Heri Priyatmoko ;   Alumnus Pascasarjana Sejarah FIB UGM
TEMPO.CO,  20 Mei 2014
                                                
                                                                                         
                                                      
Tanpa terasa dua windu telah lewat. Peristiwa kerusuhan Mei 1998 yang dibarengi aksi kekerasan meninggalkan kenangan mendalam, barangkali kekal bagi mereka yang menjadi korban.

Kala itu, kota dan banyak pertokoan besar terbakar. Tapi, eloknya, ruang kampung utuh. Tiada yang berani menyentuhnya, apalagi membakar. Kampung malah menjelma menjadi tempat berlindung yang aman bagi korban (rata-rata sahabat Tionghoa) dari amukan massa yang kalap dan kelompok penjarah yang tak lagi punya hati nurani.

Kampung dan kota merupakan dua entitas yang sulit diceraikan lantaran punya relasi yang bersifat komplementer. Kota terdiri atas banyak kampung. Secara teoretis, kampung semula merupakan kumpulan rumah, sebagai kesatuan unit administrasi yang meliputi suatu area yang terdiri atas permukiman inti dan beberapa permukiman yang lebih kecil. Adapun istilah kampung pada zaman kolonial menunjukkan suatu wilayah hunian yang sering kali kumuh dan mengepung kota-kota besar, yang tumbuh hampir tidak terkontrol, serta sering dianggap tak sesuai dengan perencanaan kota, atau tak terencana (Amos Setiadi, 2010).

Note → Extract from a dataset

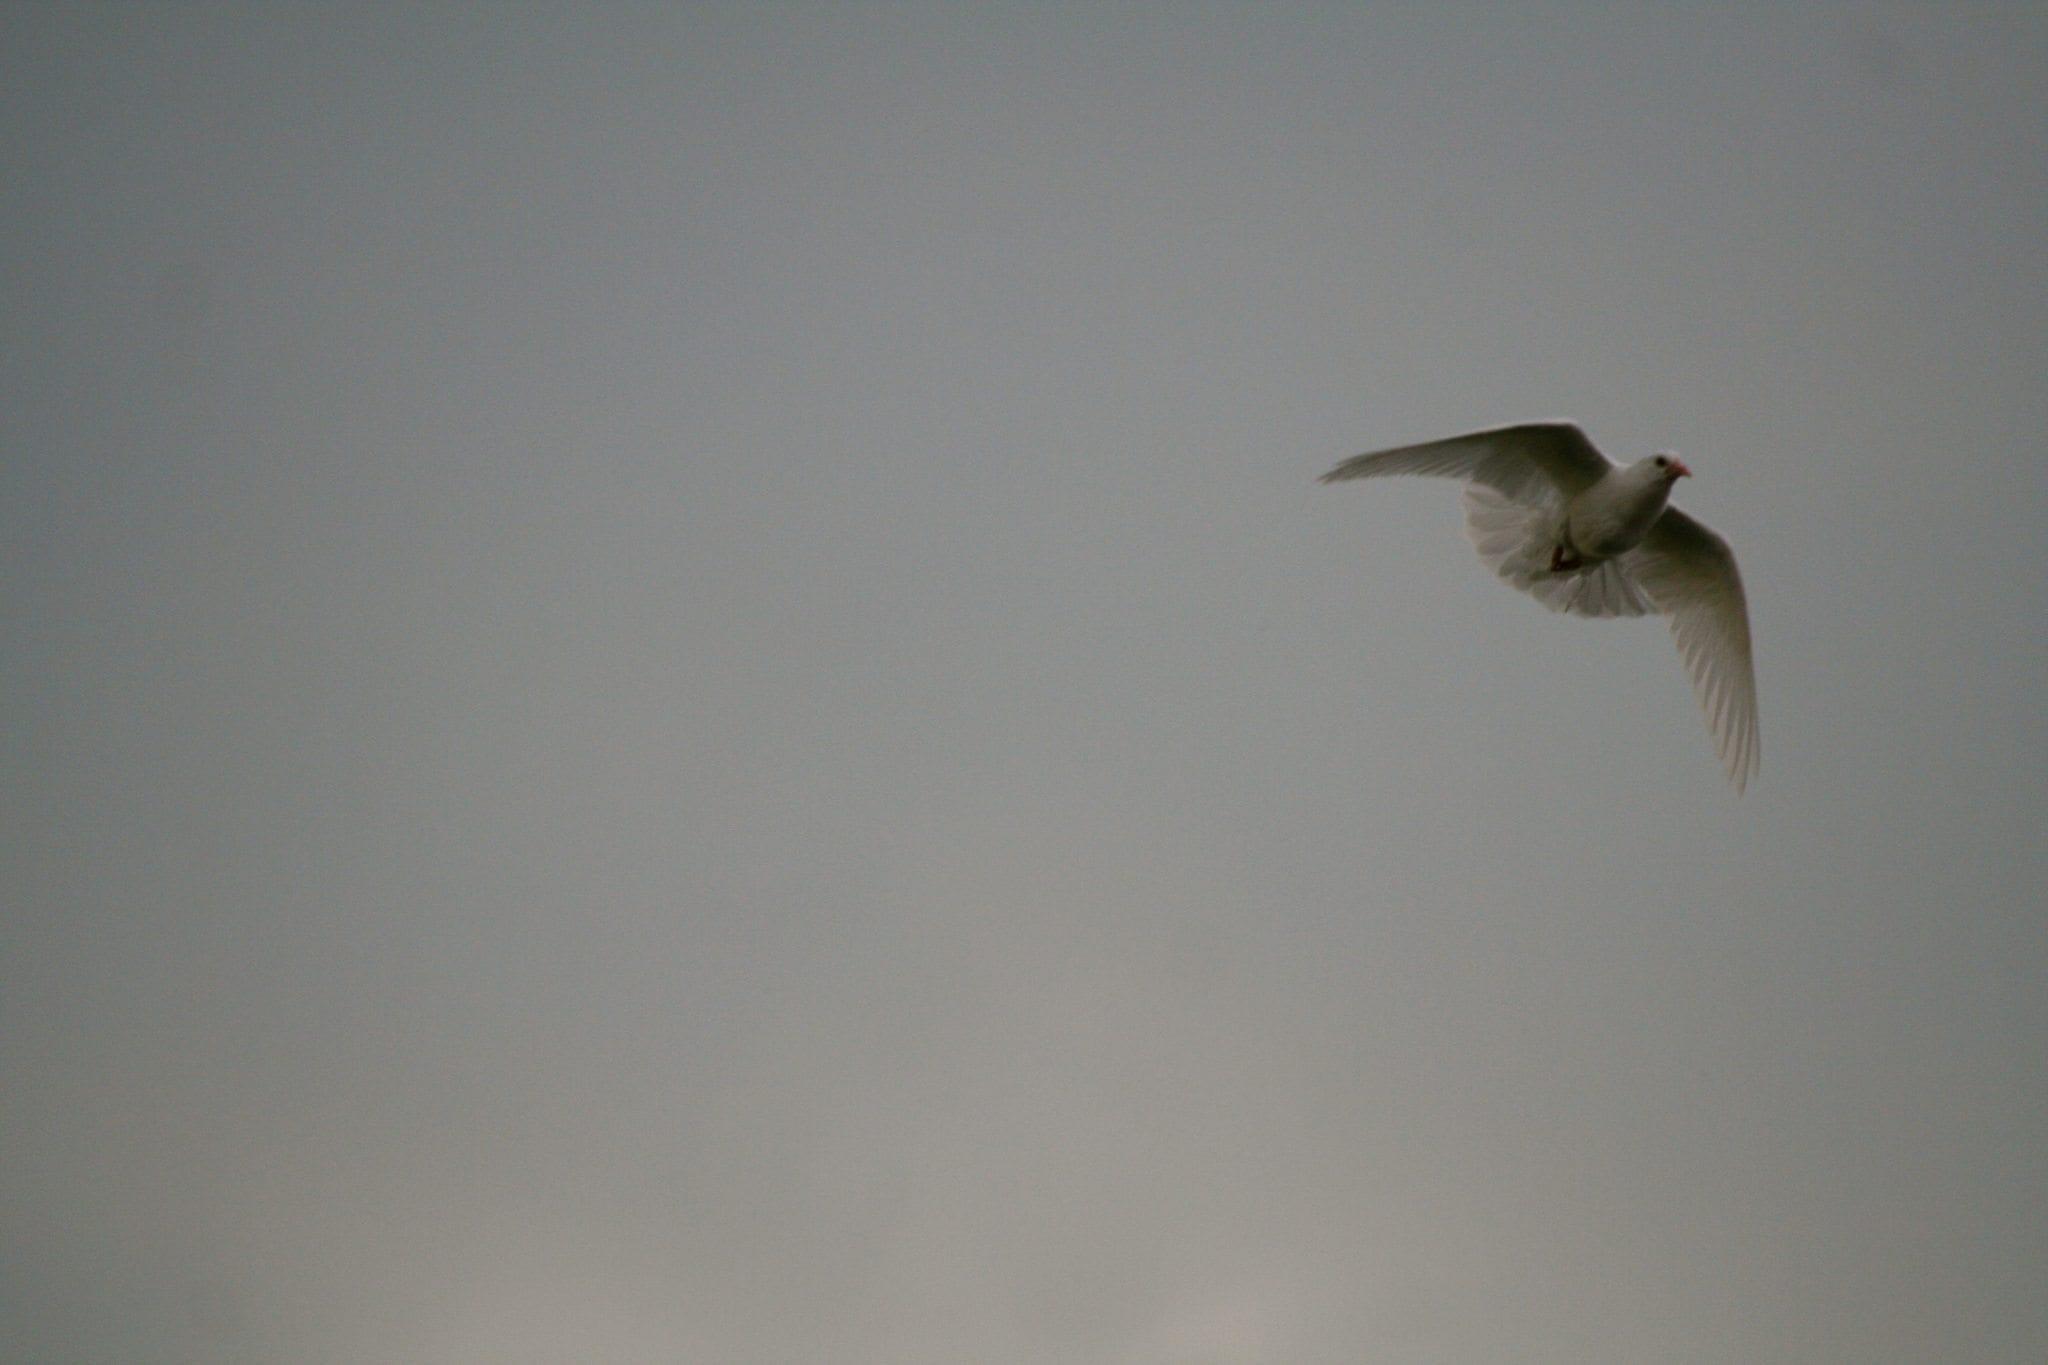 GraceSpace and White Dove

Warisan pemikiran kolonial itu mengakar, dan tampaknya mengakibatkan keberadaan kampung acap diremehkan oleh pemerintah kota, baik segi penataan ruang maupun pemberdayaan komunitas.

Bila berkaca dari realitas sejarah kelam kerusuhan Mei 1998 ini, sebenarnya kita disadarkan bahwa kota adalah ruang yang rapuh. Miskin paseduluran (kerukunan) di sana, dan seolah warga tak merasa handarbeni (memiliki) akan kota. Berbeda dengan kampung, kendati perkembangannya dipengaruhi kota bertolak dari dampak globalisasi, lingkungan sosial kampung tetap mampu mewadahi kerukunan warga yang terikat dalam hubungan kekerabatan ataupun aneka kegiatan sosial semacam arisan, kerja bakti, dan ronda.

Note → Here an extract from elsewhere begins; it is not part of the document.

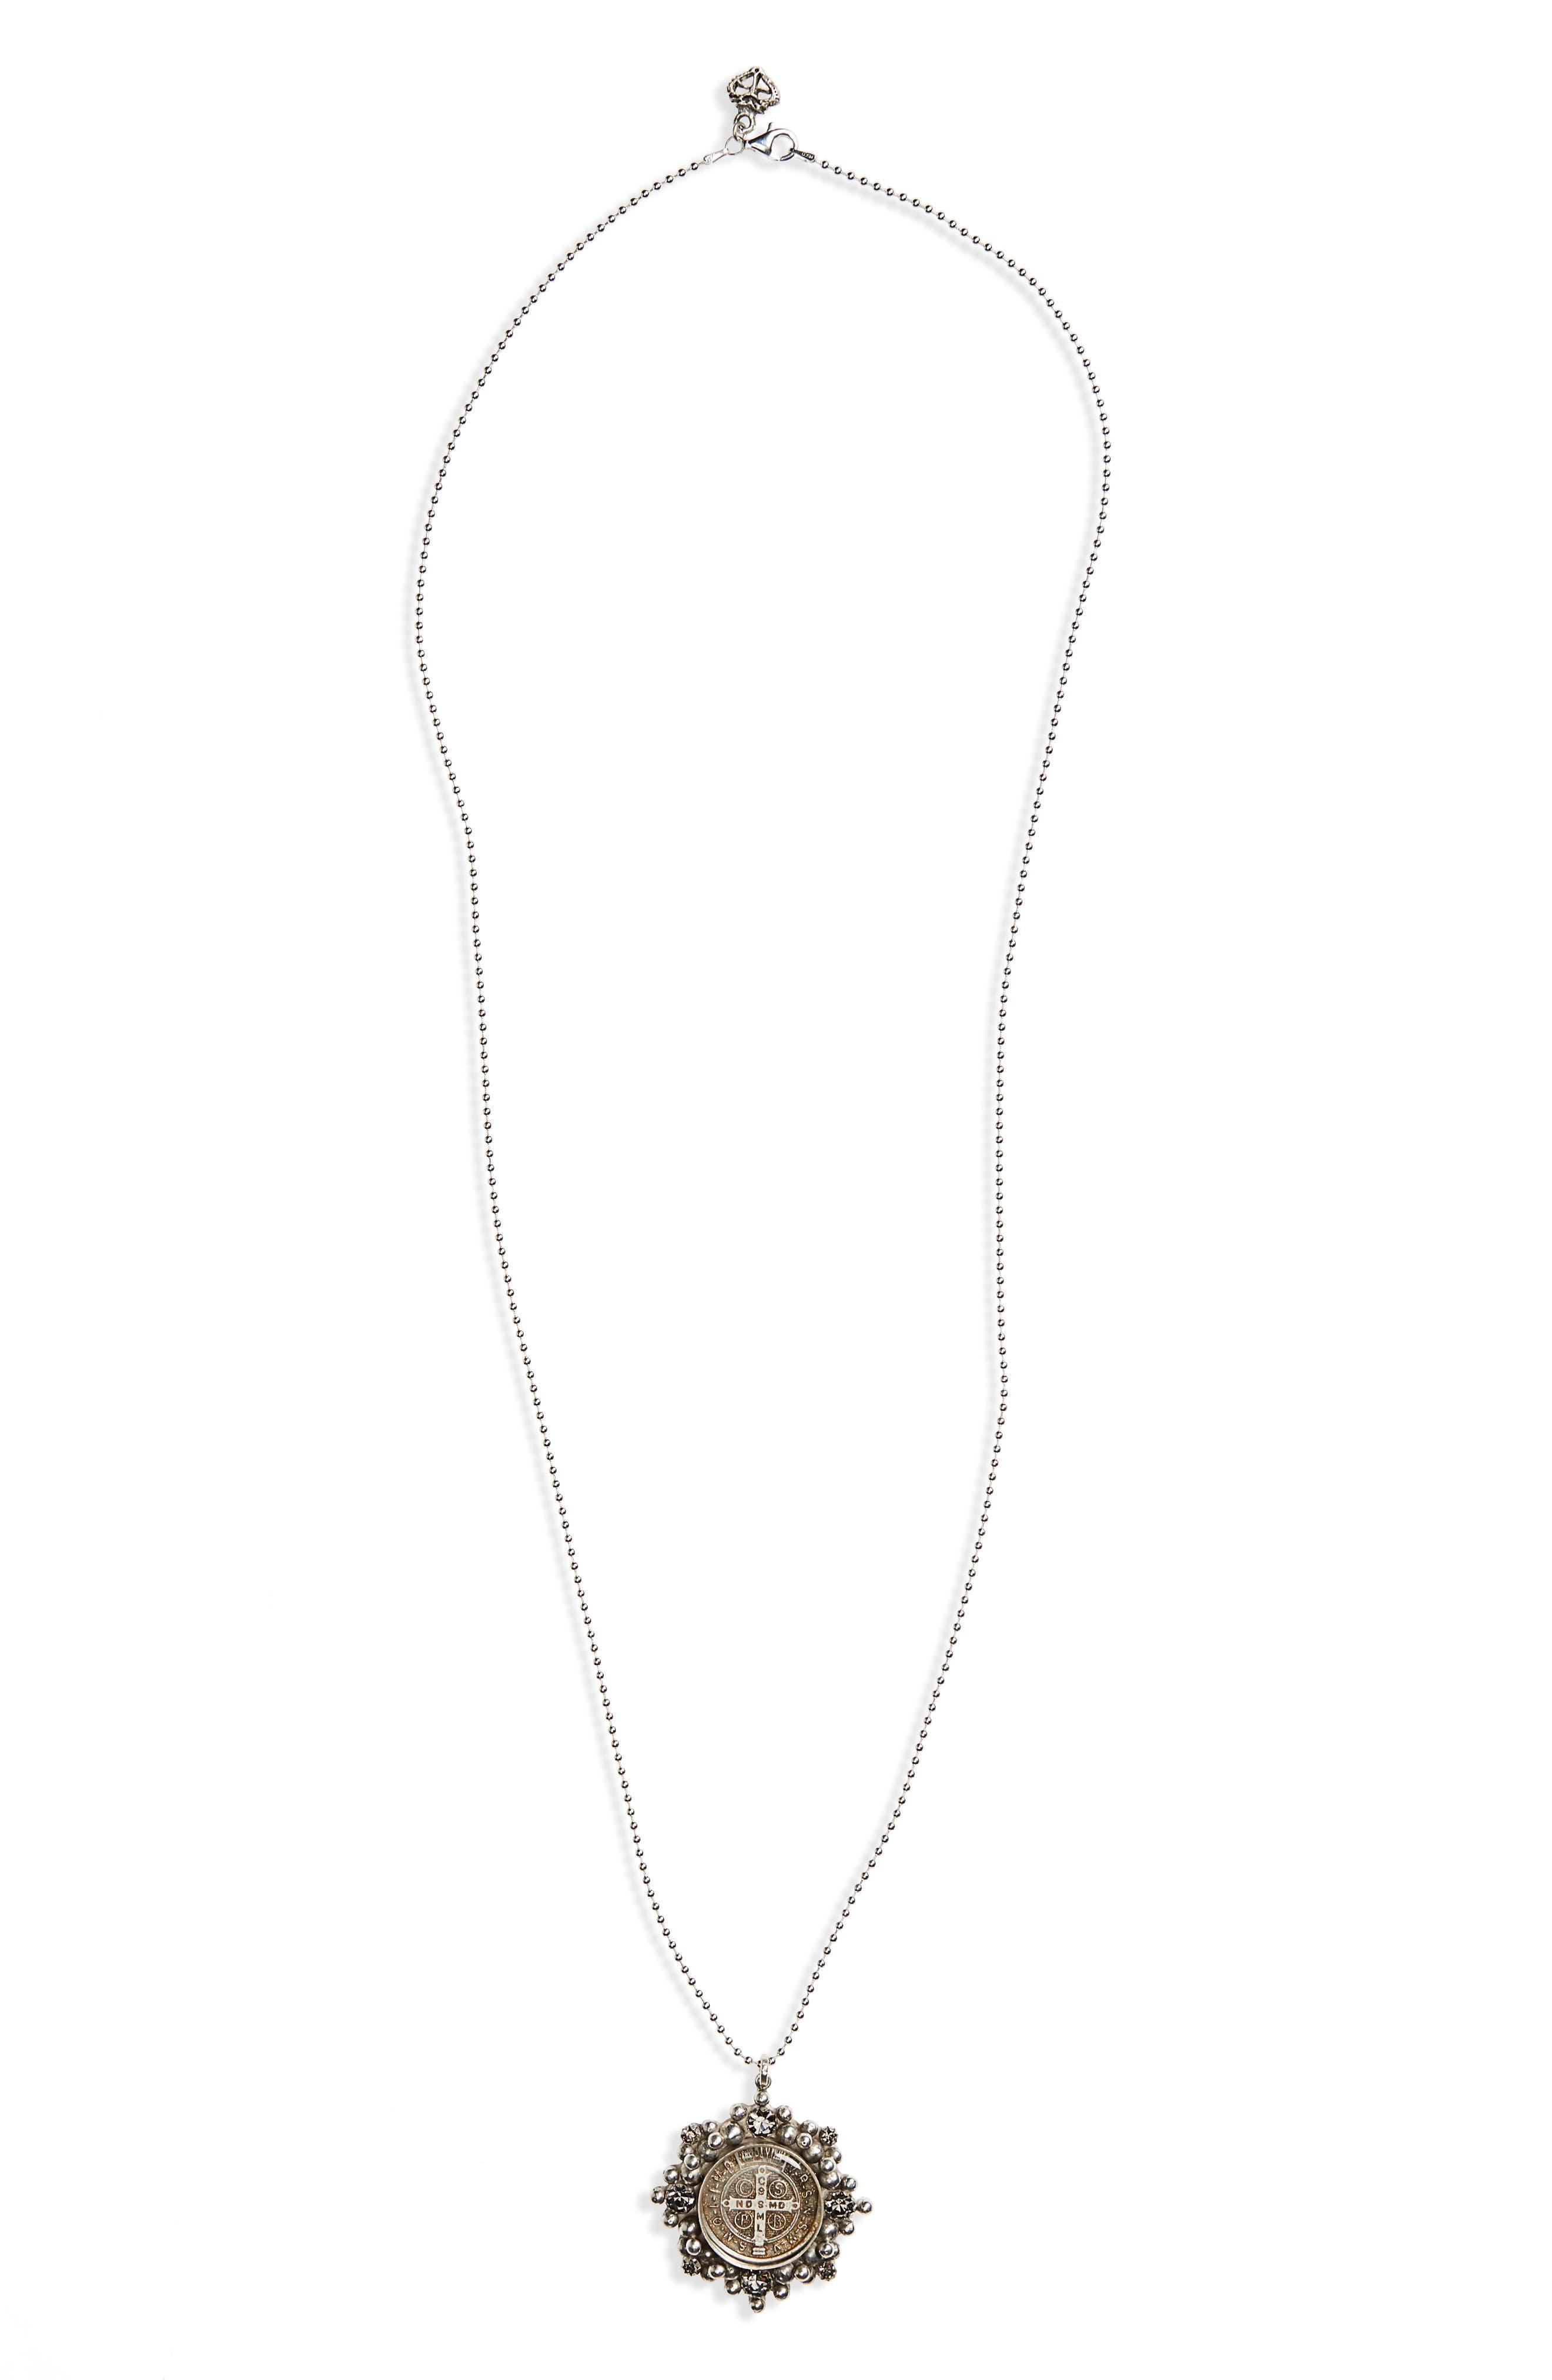 Cloister Cross Pendant Necklace,                         Main,                         color, Silver/ Black Diamond

Selain memiliki kesatuan administrasi yang lebih kecil (rukun tetangga dan rukun warga), kampung yang relatif bersifat tradisional ini masih mengamalkan ungkapan lokal. Misalnya, warga percaya "pager mangkok luwih kuat tinimbang pager tembok". Terjemahan bebasnya, dengan gemar memberi makanan kepada tetangga, mereka akan ikut menjaga harta dan keamanan rumah kita. Dengan demikian, kampung bisa mempertahankan pola kehidupan sosial dalam bentuk yang lebih fleksibel, atas dasar kerukunan dan saling menghargai. Kenyataan inilah yang turut menjadi alasan mengapa kampung tak tersentuh kerusuhan.

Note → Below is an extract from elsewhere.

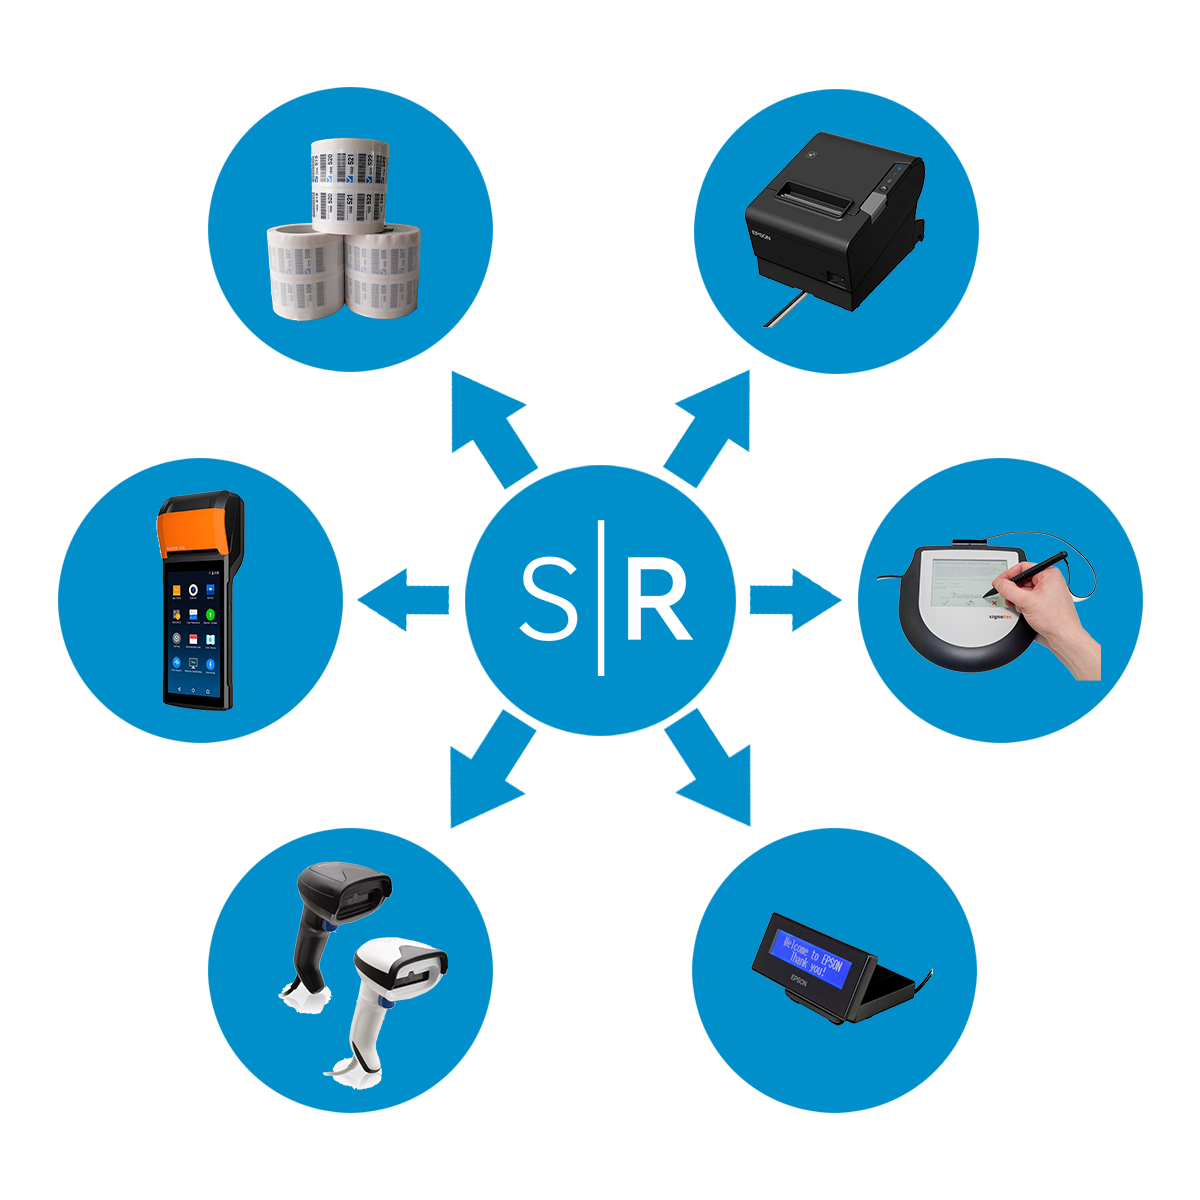 sr_rental_produkte_hardware_blue_logo

Mulut gang kampung dijaga ketat. Orang lain yang bukan komunitasnya sulit masuk jika tak sanggup memberi alasan jelas dan menunjukkan kartu identitasnya. Tiba-tiba rasa tepa selira (toleransi) yang biasa ditemukan di jalan kampung menguap. Seketika yang muncul ialah rasa waswas ketimbang tepa selira. Jalan kampung, yang sehari-hari bersifat publik dan menjadi ruang ampuh untuk mempersatukan warga serta memelihara kerekatan sosial di kampung, berubah menjadi privat bagi pengunjung. Dalihnya adalah demi menjaga keamanan kampung, karena kota dinilai sudah tidak lagi aman.

Dari kilas balik ini, kita paham bahwa kampung bukan sekadar tempat bermukim dan bersosialisasi. Pada saat genting, kampung merupakan benteng keamanan terakhir masyarakat yang sebelumnya diikat oleh rasa solidaritas dan kerukunan yang dipupuk dalam kehidupan sehari-hari. Kota bukanlah segala-galanya, bukan?